Monday, Sep. 12, 1927

At Buffalo

Half a century old, the American Bar Association convened last week at Buffalo; heard itself praised extravagantly by Commerce Minister Maurice Bokanowski of France and George K. Montgomery, staff-bearer of the Montreal bar; took satisfaction from the presidential address of Charles S. Whitman, one- time (1915-18) Governor of New York; and settled to its business.

President Whitman's satisfying speech traced the Association's history from its founding at Saratoga, N. Y., by a small group of men who saw that the nation's legal thought would need guidance; mentioned the understandings reached at conferences between the Association and the American Federation of Labor, looking toward the settlement of interstate industrial disputes; praised the Federal Radio Commission for "diligence and intelligence."

Chiefs. The Lord Chief Justice of England was present, the Rt. Hon. Sir Gordon Hewart, Baron Hewart of Bury. Mr. Chief Justice William Howard Taft of the U. S. Supreme Court introduced him. Lord Chief Justice Hewart denounced bureaucracy in government and then, once a newspaperman himself, loudly decried current tendencies in the press as menaces to society even graver than Communist propaganda. Chief Justice Taft courteously and instructively surveyed the English origins of U. S. law.

Oil. Secretary Hubert S. Work of the U. S. Department of the Interior asked the Association's mineral law section to urge the next Congress to legislate to conserve U. S. petroleum and gas resources, now being wasted through too much competition. Henry L. Doherty seconded Mr. Work, offering a brief for Federal adoption or promotion of the pool plan of conservation introduced last spring in the Seminole, Okla., field (TIME, May 23). James A. Veasey, counsel for the Carter Oil Co. at Tulsa, Okla., submitted that, though the industry is now overproduced and demoralized, it can right itself; Federal control would be unconstitutional.

Firearms. The National Association of Attorneys General passed a resolution asking the President to call a conference of state governors to regulate the use of firearms. The same body was asked to resolve, but did not, in commendation of Massachusetts' conduct of the Sacco-Vanzetti case.

"Weakest Link." Ill in Yonkers, N. Y., unable to attend, Samuel Untermyer, fiery Manhattan counselor, wrote a letter for President Whitman to read aloud. ". . . The administration of justice, which

I think we will all agree is the crucial test of a given state of civilization, is with us the weakest link in our chain of government. . . ." Mr. Untermyer then suggested spurs to "leaden-footed" U. S. justice--assessing dishonest litigants more heavily, taking action against perjurers.

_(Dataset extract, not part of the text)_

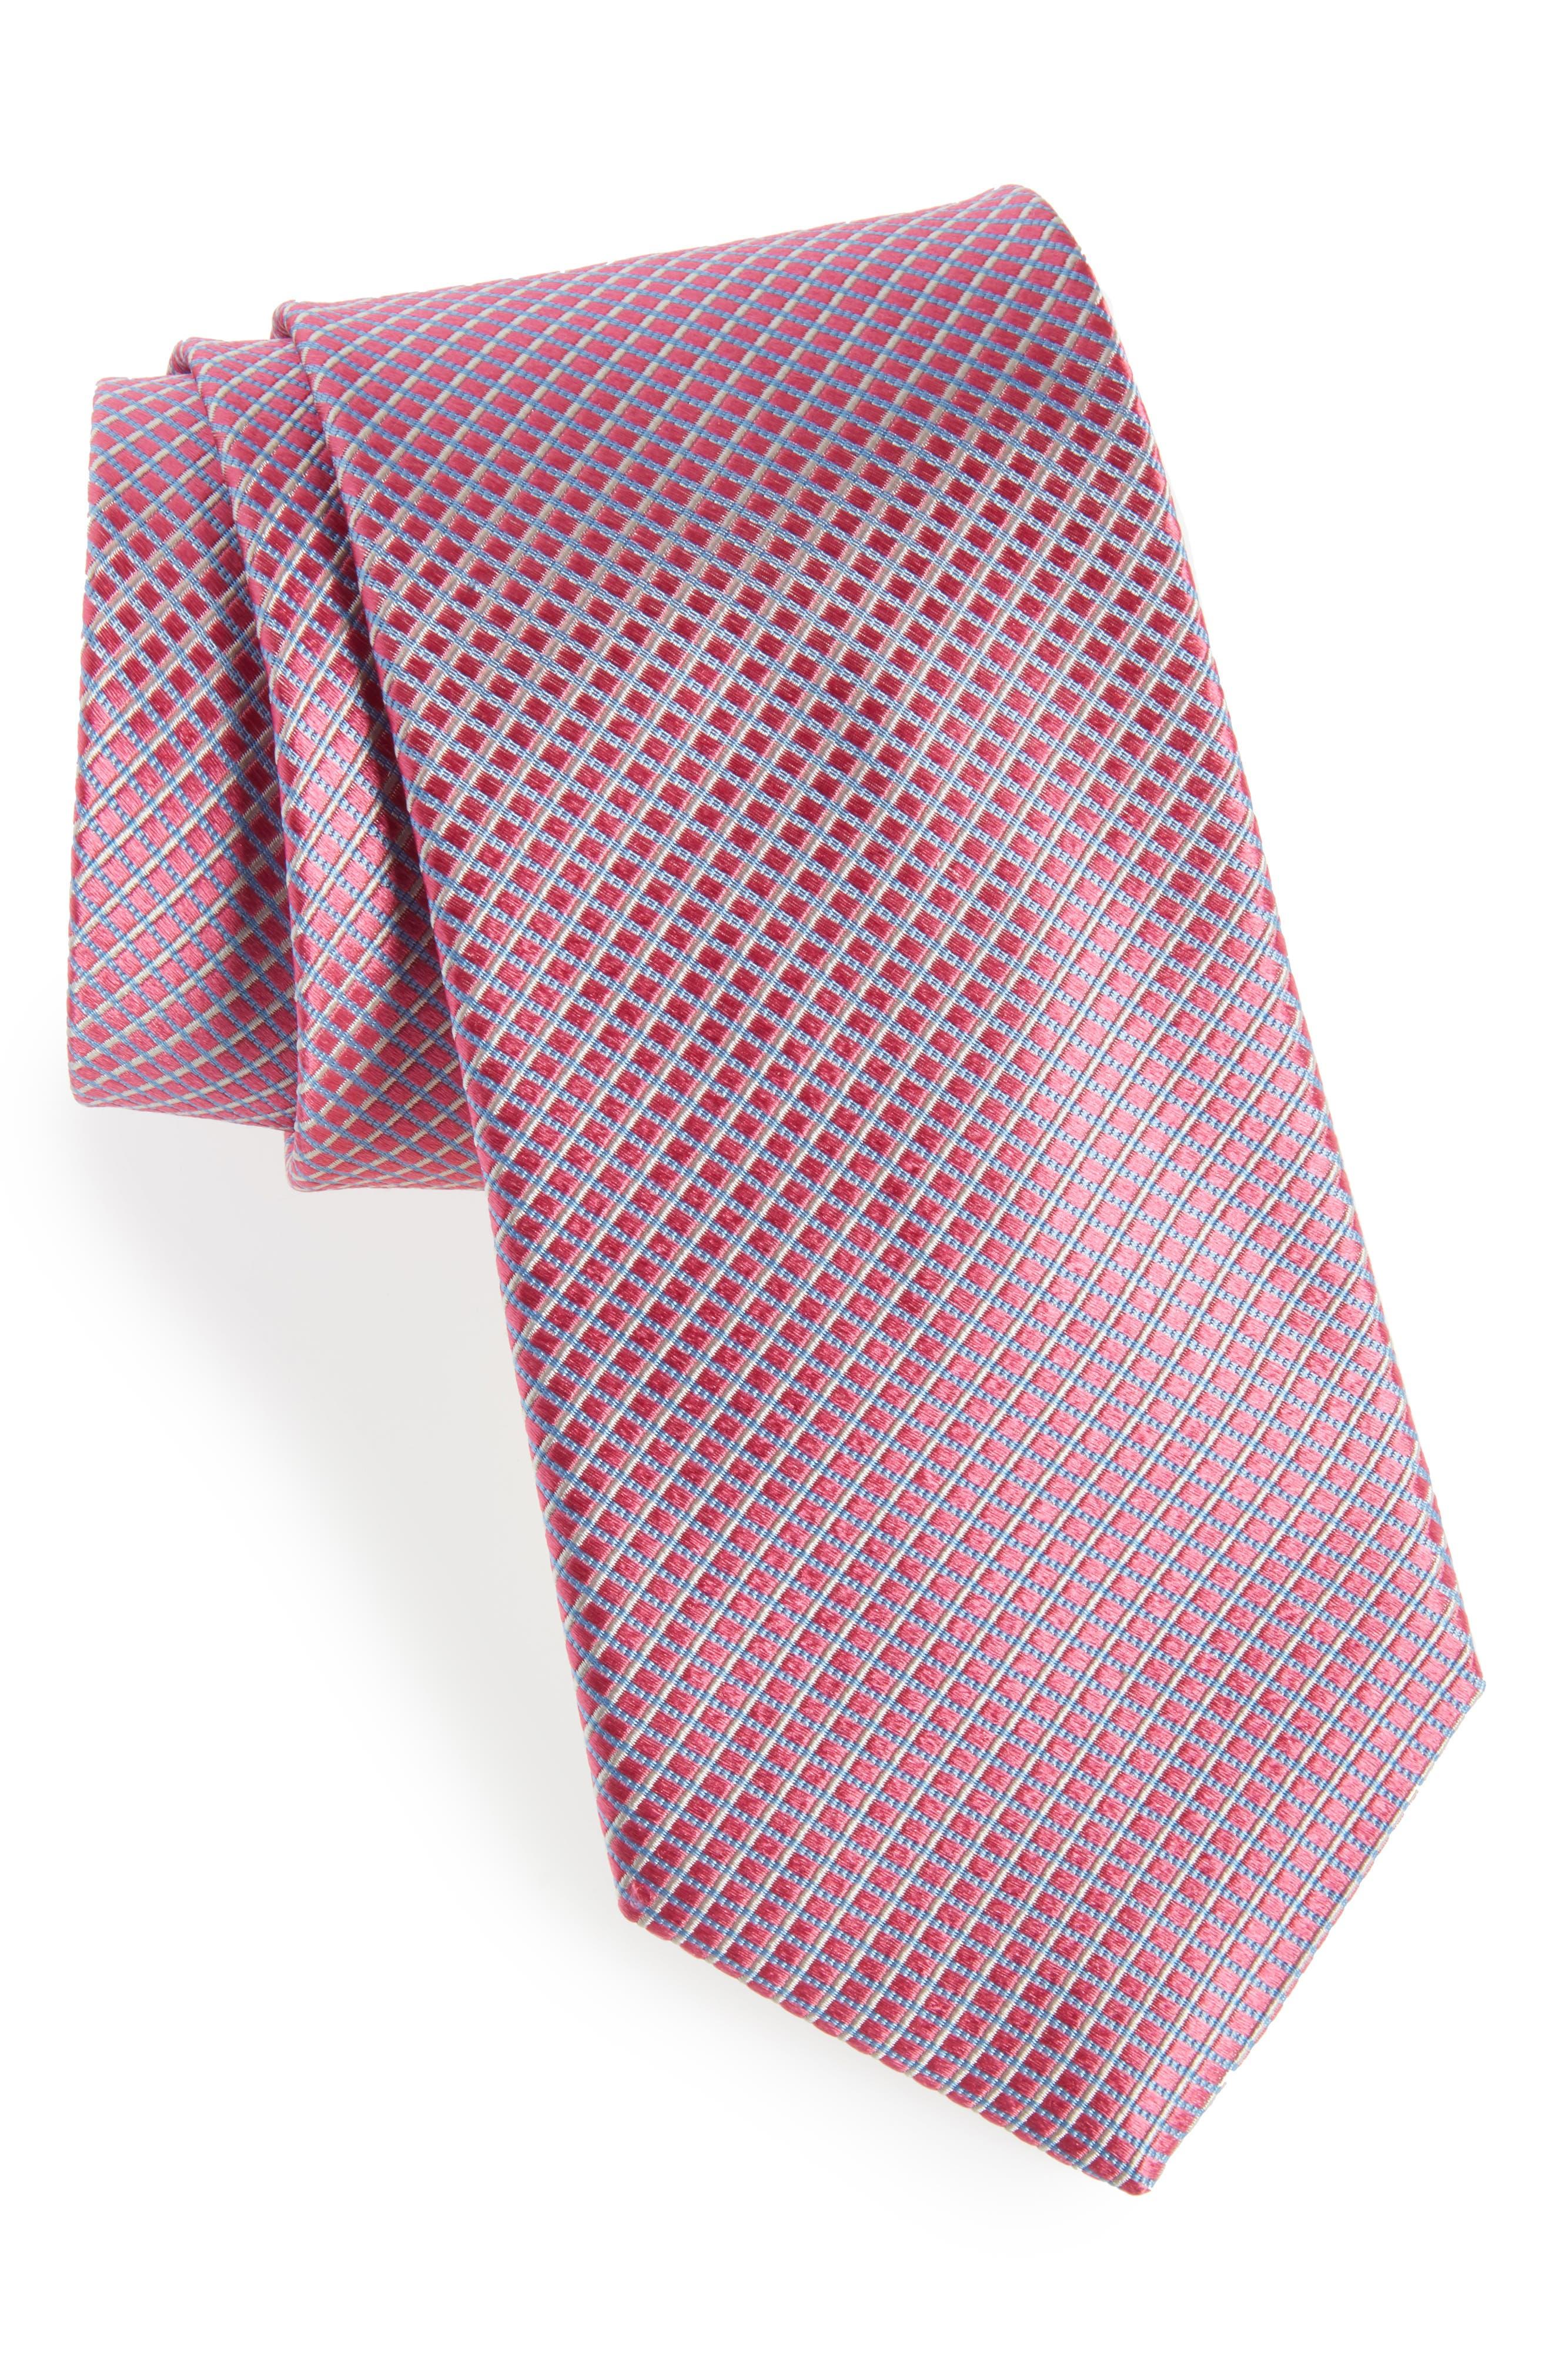 Bucaro Micro Pattern Silk Tie,                         Main,                         color, PINK

Crime. State Senator Caleb H. Baumes of New York stated the view of crime which underlies the drastic criminal code written by him and lately enacted in his state. "Crime as a problem is mainly concerned with the hardened repeater ... an organized business comparing favorably with the methods employed by our best concerns. . . . The modern bandit shows no mercy whatsoever. . . . These Baumes laws have been passed in order to put real backbone into the work of the judiciary."

Justice Frederick E. Crane of the New York Court of Appeals elaborated the view that punishment of criminals should take the form of compulsory restitution to society of whatever the criminals have taken from society. "When a man has killed another, why should the widow be left to starve when this man, under the law, might be compelled to provide a living? . . ."

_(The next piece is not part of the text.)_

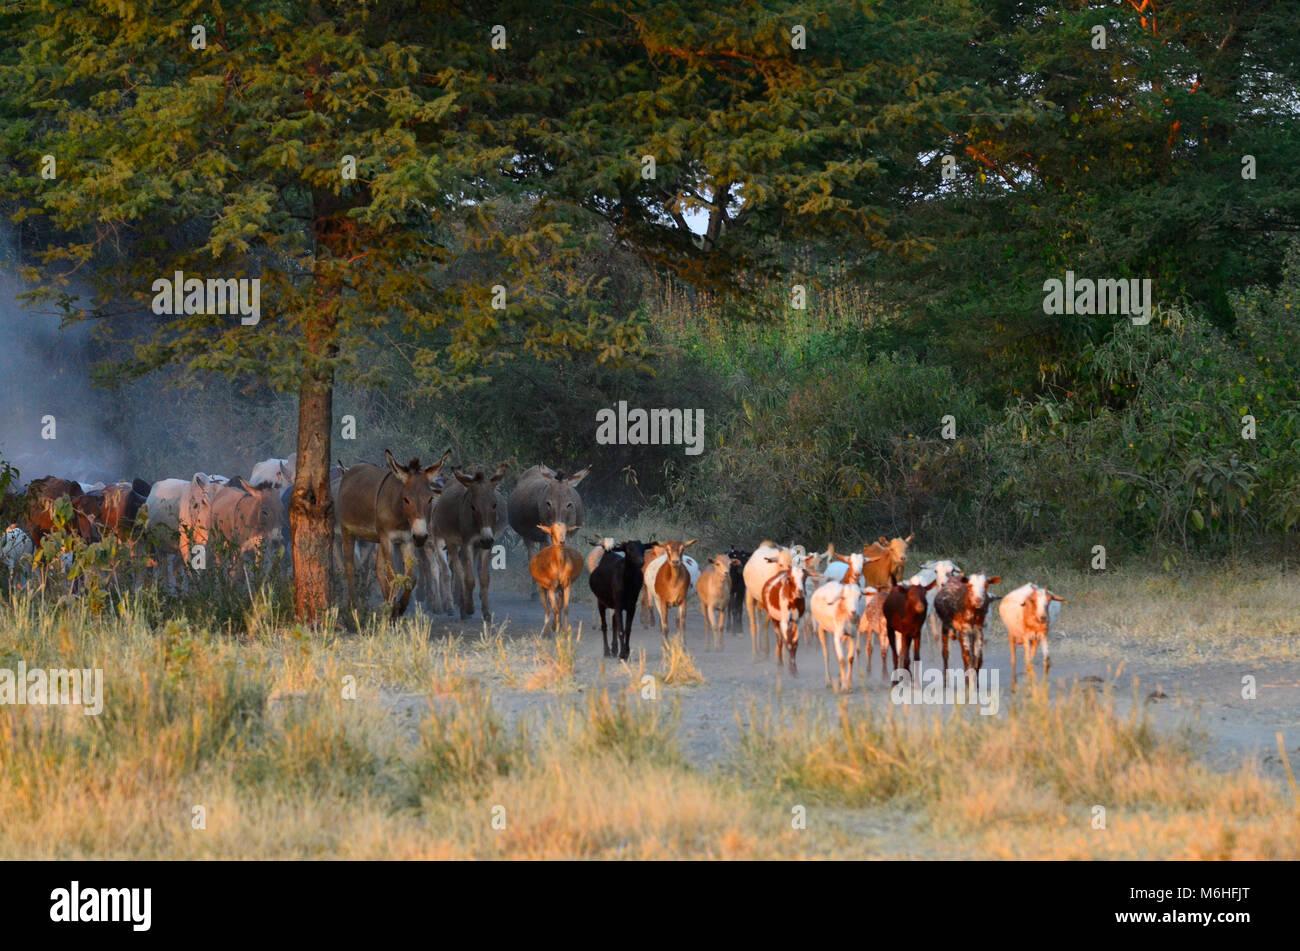 Masaai goaats, donkeys and herders near Tarangire national park, Tanzania. - Stock Image

Air Law. The Association resolved, on a motion by Chester Welde Cuthell, chairman of its committee on air law that Congress should legislate to give the U. S. Department of Commerce authority to regulate transoceanic flights, in which more than two dozen lives have been lost this year, at a great cost to aviation's prestige and to agencies that must hunt for lost flyers. Secretary

William P. MacCracken Jr. of the Aeronautical Bureau of the Department of Commerce, also secretary of the American Bar Association, said his Department would gladly undertake whatever regulatory powers Congress might confer but added, ". . . Adoption of regulations will not end the loss of life in these pioneering enterprises."

Other Business. The Association voted: to incorporate itself in Illinois; to continue working for a constitutional amendment changing the inauguration date of U. S. presidents from March 4 to January 1, and fixing the opening of Congress on that day also; to restrict use of the title "attorney" to persons actually admitted to the bar."

Elections. To succeed President Whitman, the Association unanimously elected Silas Hardy Strawn, potent Chicago corporation lawyer, lately a presidential emissary to war-tangled China. Secretary Mac-Cracken and Treasurer John H. Voorhees of Sioux Falls, S. Dak., were reelected.